The Problem With Soft Socialism

The Problem With Soft Socialism

The political landscape in the United States continues to become ever more divisive—and ever more incoherent. The Trump administration is engaging in a major program of deregulation and lower taxation at home, while pursuing tariffs and a trade war abroad. Simultaneously, a growing fraction of the Democratic party is moving left from liberalism to progressivism to democratic socialism. Politicians like Bernie Sanders and Elizabeth Warren proudly call themselves democratic socialists and advance a vision for the country in which well designed regulations mitigate what they regard as the corrosive the effects and embedded inequality of the capitalist system. They rightly dissociate themselves from the brutality and totalitarianism of the socialist regimes, from the Soviet Union to China to Cuba to Venezuela; their hope is to achieve a state-dominated economy in a benign democratic form.
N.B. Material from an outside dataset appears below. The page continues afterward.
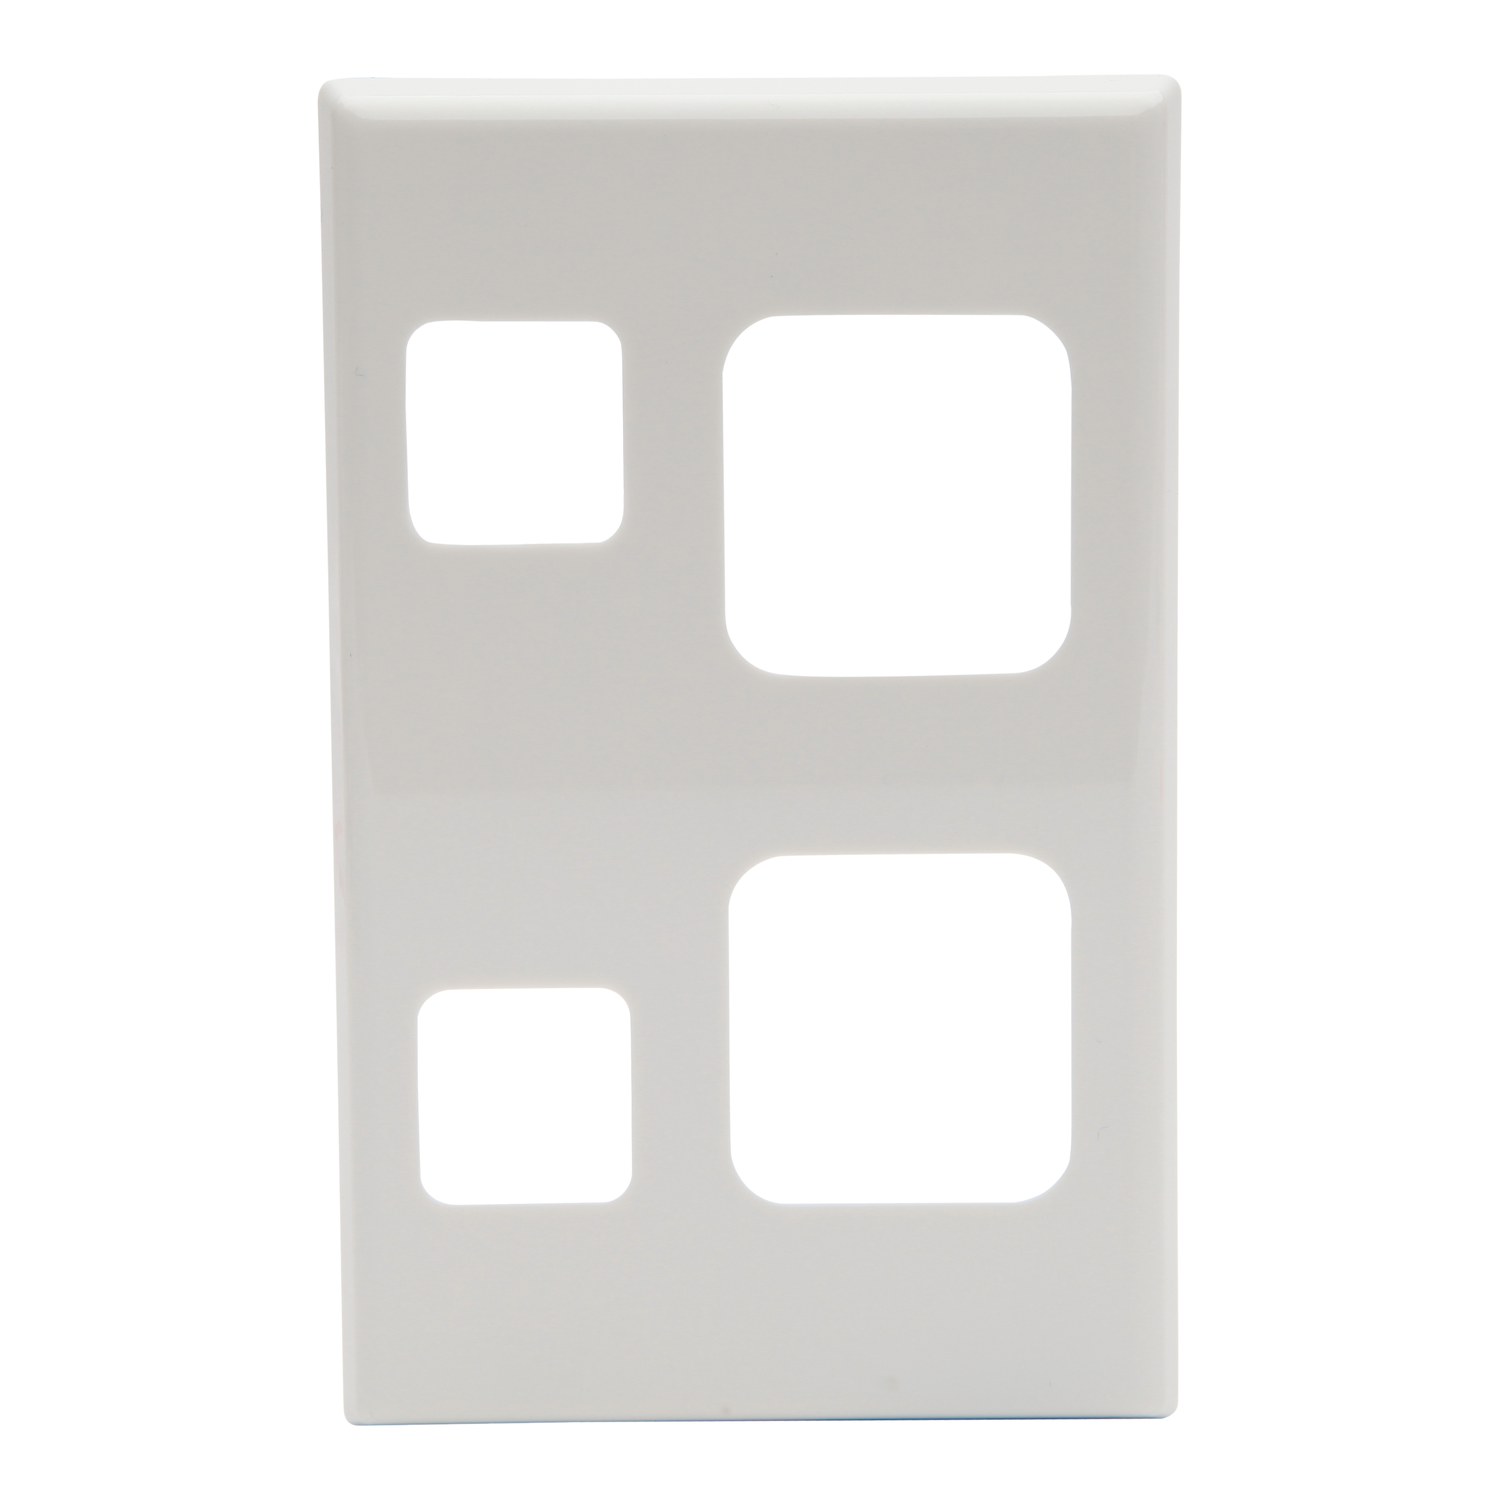 PDL 600 Series - Cover Plate Double Switched Socket Vertical - White
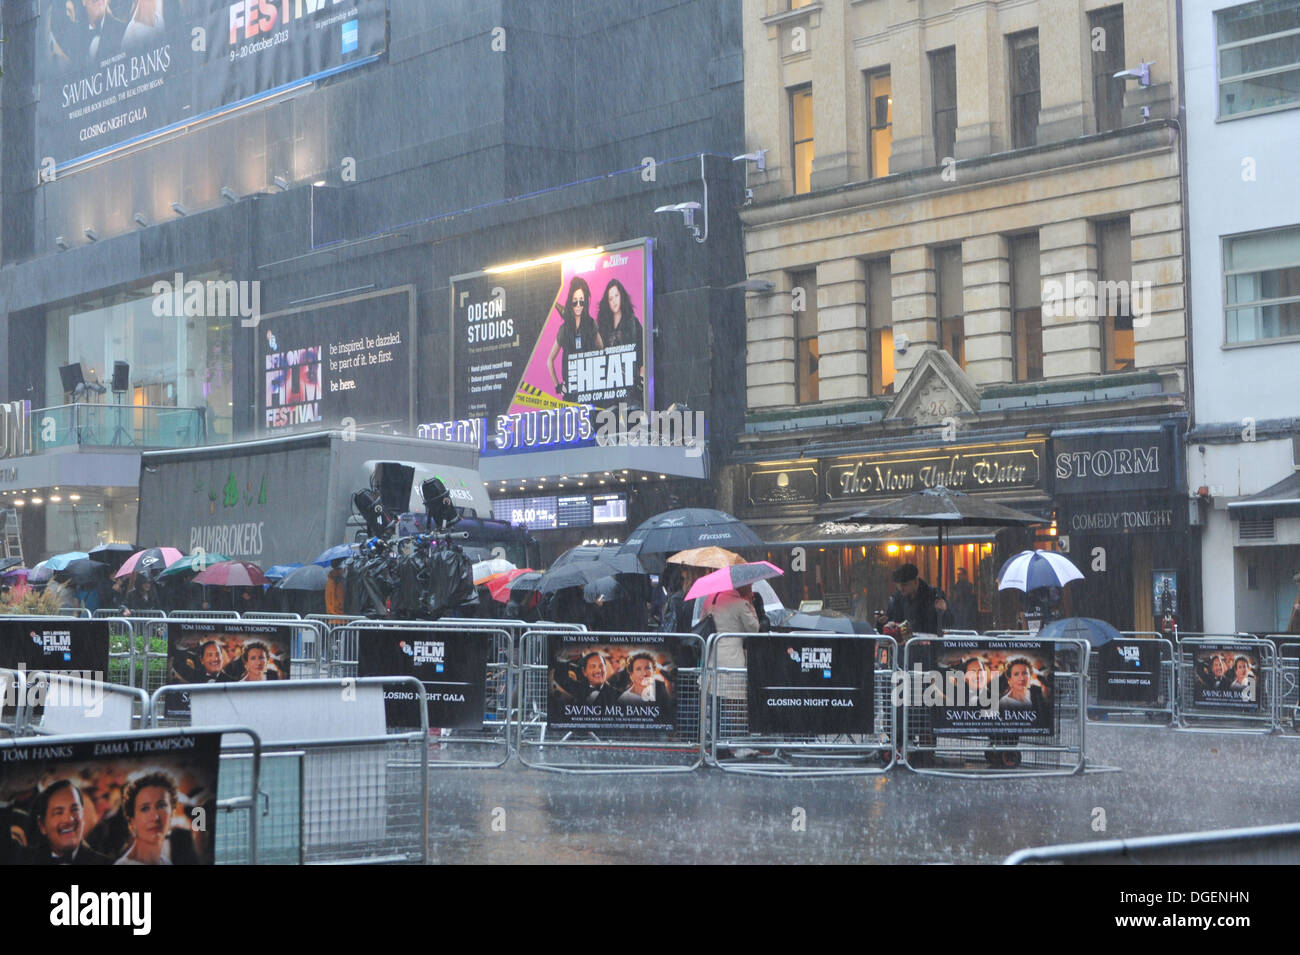 Leicester Square, London, UK. 20th October 2013. Film fans brave torrential rain in Leicester Square as they wait for tonight's closing gala of the British Film Festival, with the screening of Saving Mr Banks, starring Tom Hanks and Emma Thompson. Credit:  Matthew Chattle/Alamy Live News Stock Photo

But how exactly does a socialist economy operate within a democratic system? As if on cue, this question is addressed by President Trump's Council of Economic Advisors in a timely new report, “The Opportunity Costs of Socialism.” Its conclusion is that socialism cannot succeed even in democratic societies. The Report makes its case in part by showing how once prosperous nations like Cuba and Venezuela have become economic basket cases as formerly democratic institutions gave way to totalitarian rule.